Frank Gehry, whose designs defied gravity and convention, dies at the age of 96

Frank Gehry, whose designs defied gravity and convention, dies at the age of 96

Floating, swirling, shining, sculpted, Frank Gehry created buildings we had never seen before. The architect behind the Guggenheim Museum in Spain and the Walt Disney Concert Hall in Los Angeles transformed contemporary architecture. He died Friday at his home in Santa Monica, California, after a brief respiratory illness, according to his chief of staff. He was 96.

Gehry won every major award – including the Pritzker Prize and the Presidential Medal of Freedom. When the American Institute of Architects awarded him its gold medal in 1999, Gehry looked out at an audience that included contemporary building gods like Philip Johnson, Robert Venturi and Michael Graves and said, “It's like finding out my big brothers love me after all.”

“He was probably the only truly great artist I ever met who cared deeply about what people thought of him and made sure people loved his work,” says Gehry biographer Paul Goldberger. The architect received his share of criticism – “accusations of designing crazy shapes and not paying attention to the budget.”

But the praise was louder because his striking buildings made people happy.

With 12 huge glass "Sail," The Louis Vuitton Foundation is shaped like a sailboat among the trees of the Bois de Boulogne in Paris.
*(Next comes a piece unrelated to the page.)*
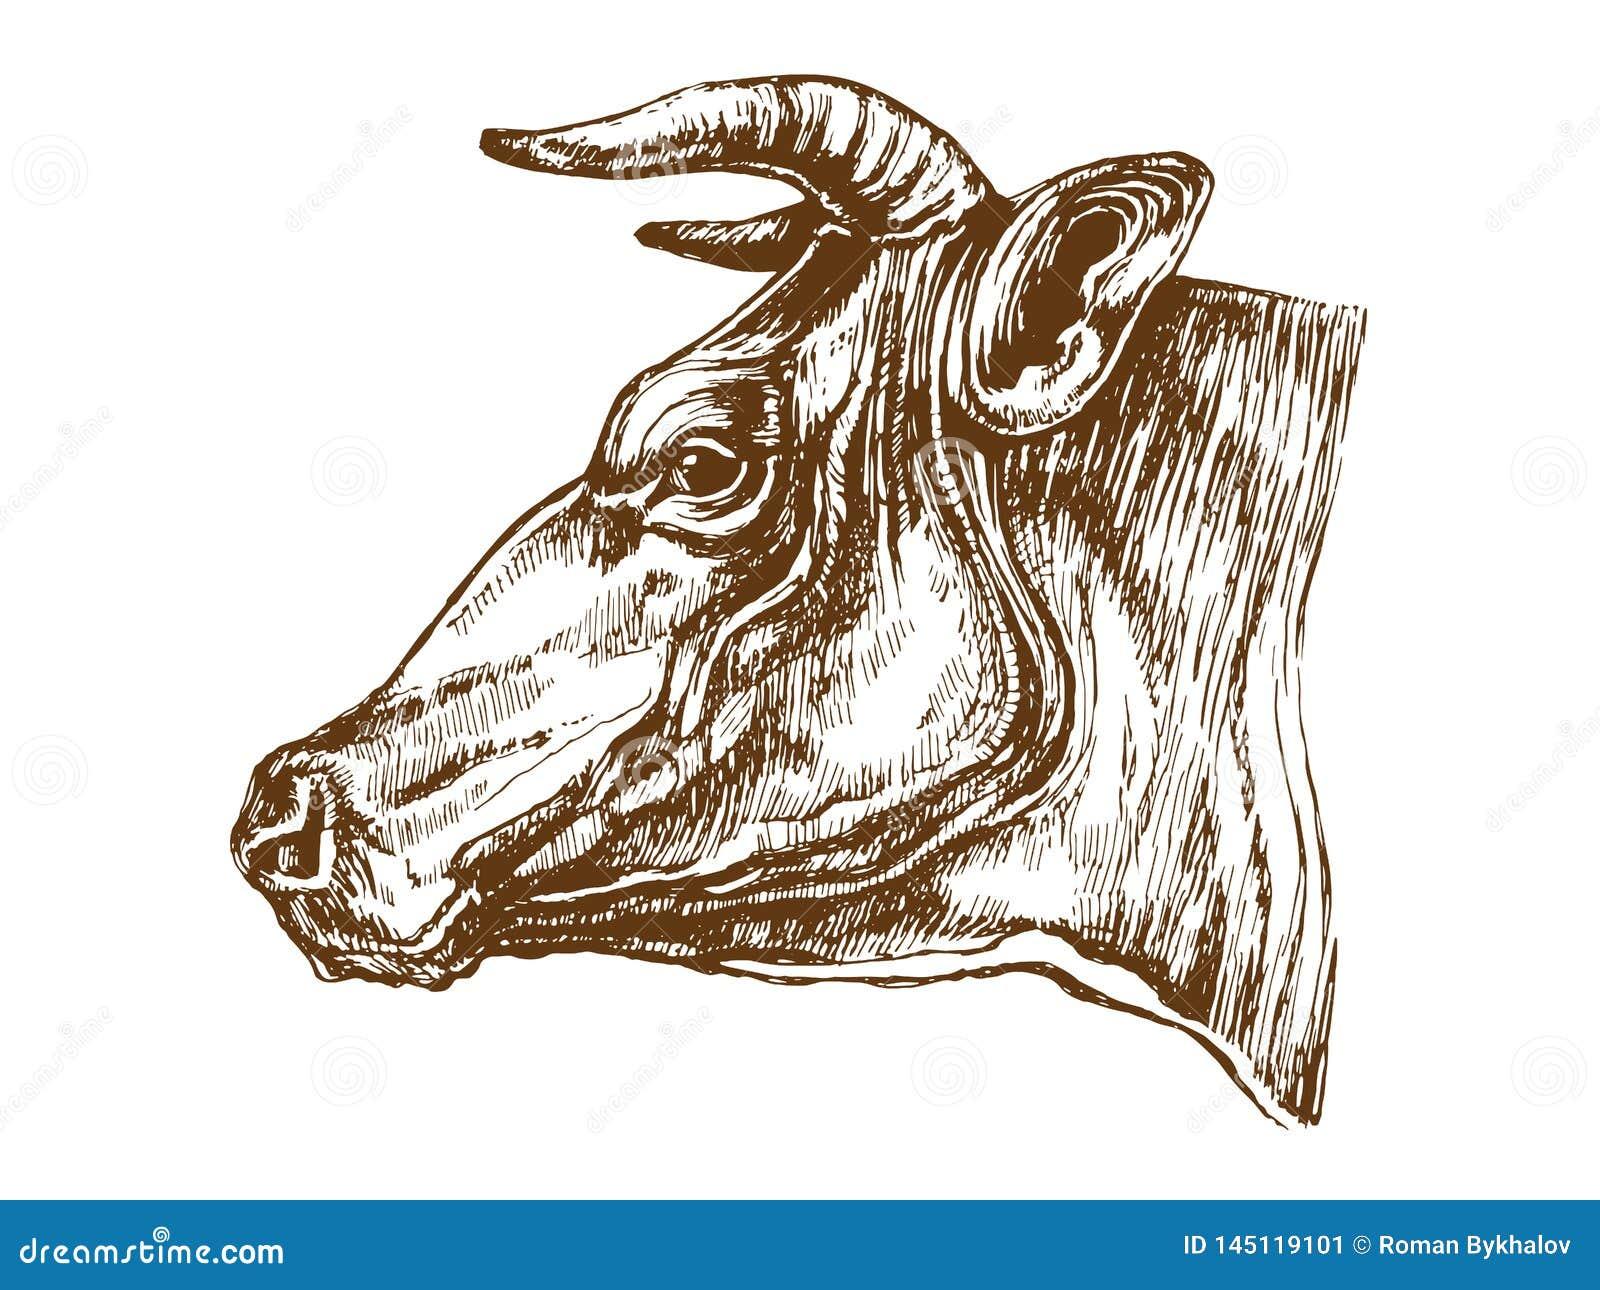 Cow head profile sketch

Bertrand Guay/AFP/Getty Images

/

AFP/Getty Images

With 12 giant glass “sails,” the Louis Vuitton Foundation takes the shape of a sailboat among the trees of the Bois de Boulogne in Paris.
A woman enters the Louis Vuitton Foundation in the Bois de Boulogne in Paris.
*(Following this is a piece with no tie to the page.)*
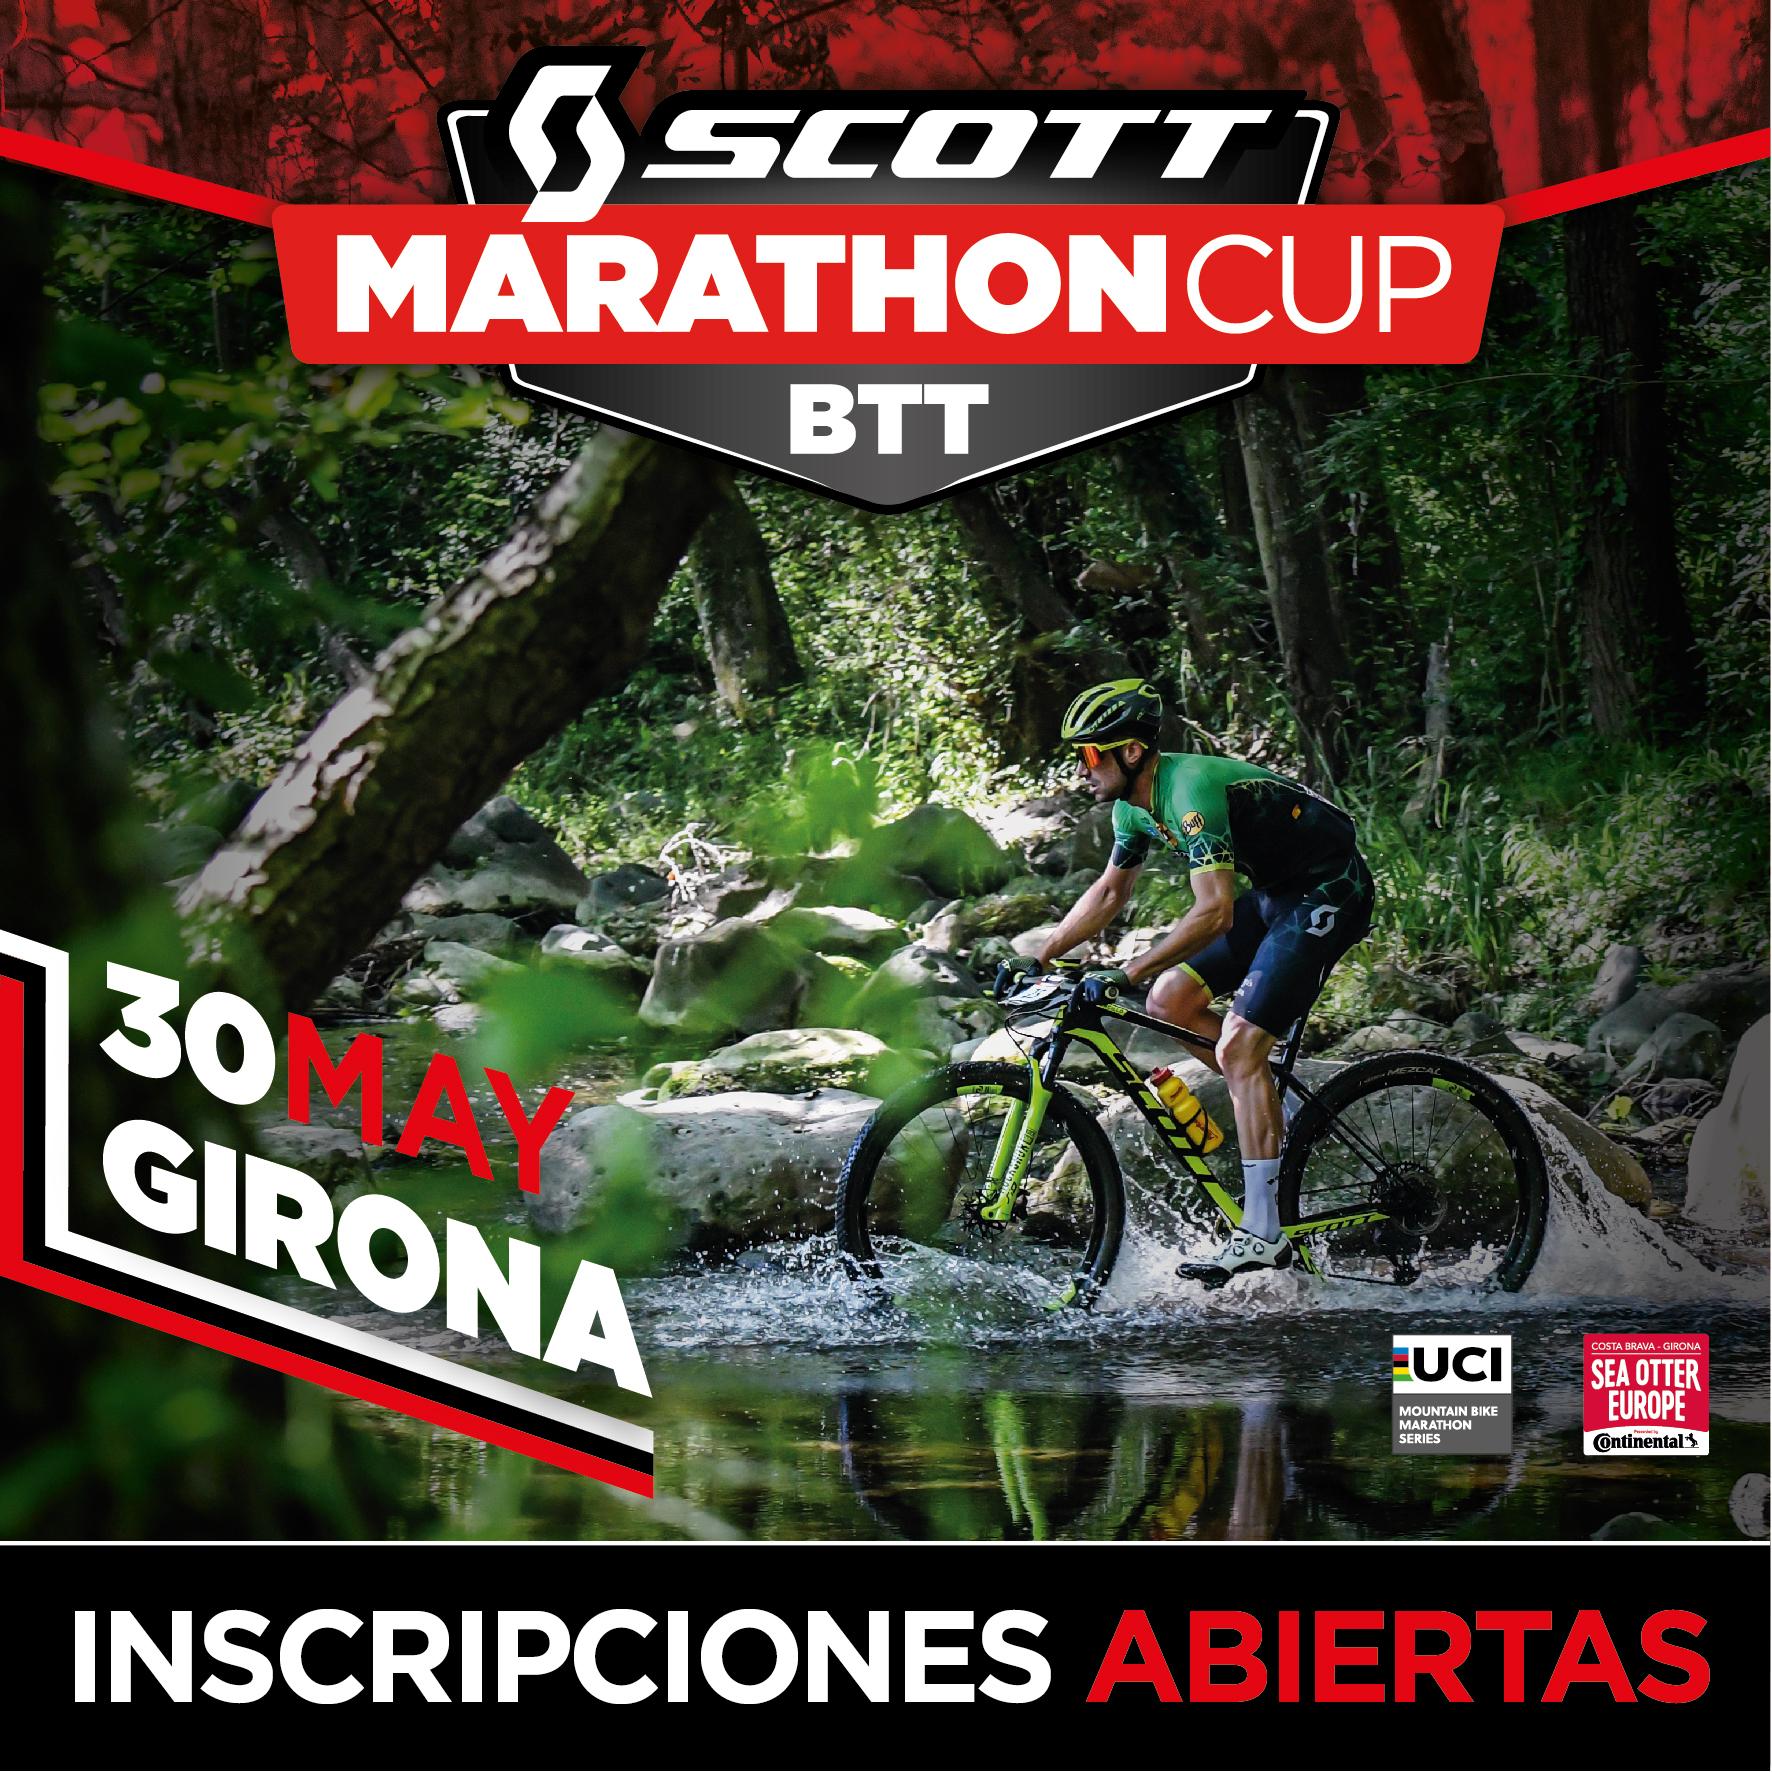 La Scott Marathon Cup de Girona abre inscripciones y�aguarda con los mejores singletrack

Bertrand Guay/AFP/Getty Images

/

AFP/Getty Images

A woman enters the Louis Vuitton Foundation in the Bois de Boulogne in Paris.

“I've always been for optimism and that architecture shouldn't be sad,” Gehry told NPR in 2004. “You know, a music and performance building should be enjoyable. It should be a great experience and it should be fun to go to.”

There was exuberance in his work. The swoops and whirls made possible by aerospace technology lifted the spirits of viewers accustomed to postwar modernism—austere, boxy buildings of glass and steel that seemed imposing and forbidding.

Gehry says he found this style cold, inhumane and lifeless. “I thought it was possible to find a way to express feelings and humanistic qualities in a building,” Gehry said. “But I didn’t realize it until I randomly started experimenting with fish shapes.”

He loved the shape of fish and the way they moved. He drew them throughout his life, an inspiration that began in his grandmother's bathtub in Toronto.

“Every Thursday when I was at her house, I went to the market with her,” he remembers. “And there was a big bag full of water that we carried home with a big carp in it. We put it in the bathtub. I sat there and watched, and the next day it was gone.”

These carp were made into filtered fish – a classic Jewish dish – but remained in Gehry's memory long after dinner. He translated their curves and movements into architecture. In Prague, Czechs call his elegant design for an office building “Fred and Ginger” – two cylindrical towers, one solid, the other glass, pinched at the waist, like dancers. His Disney Hall and Guggenheim Museum swell like symphonies.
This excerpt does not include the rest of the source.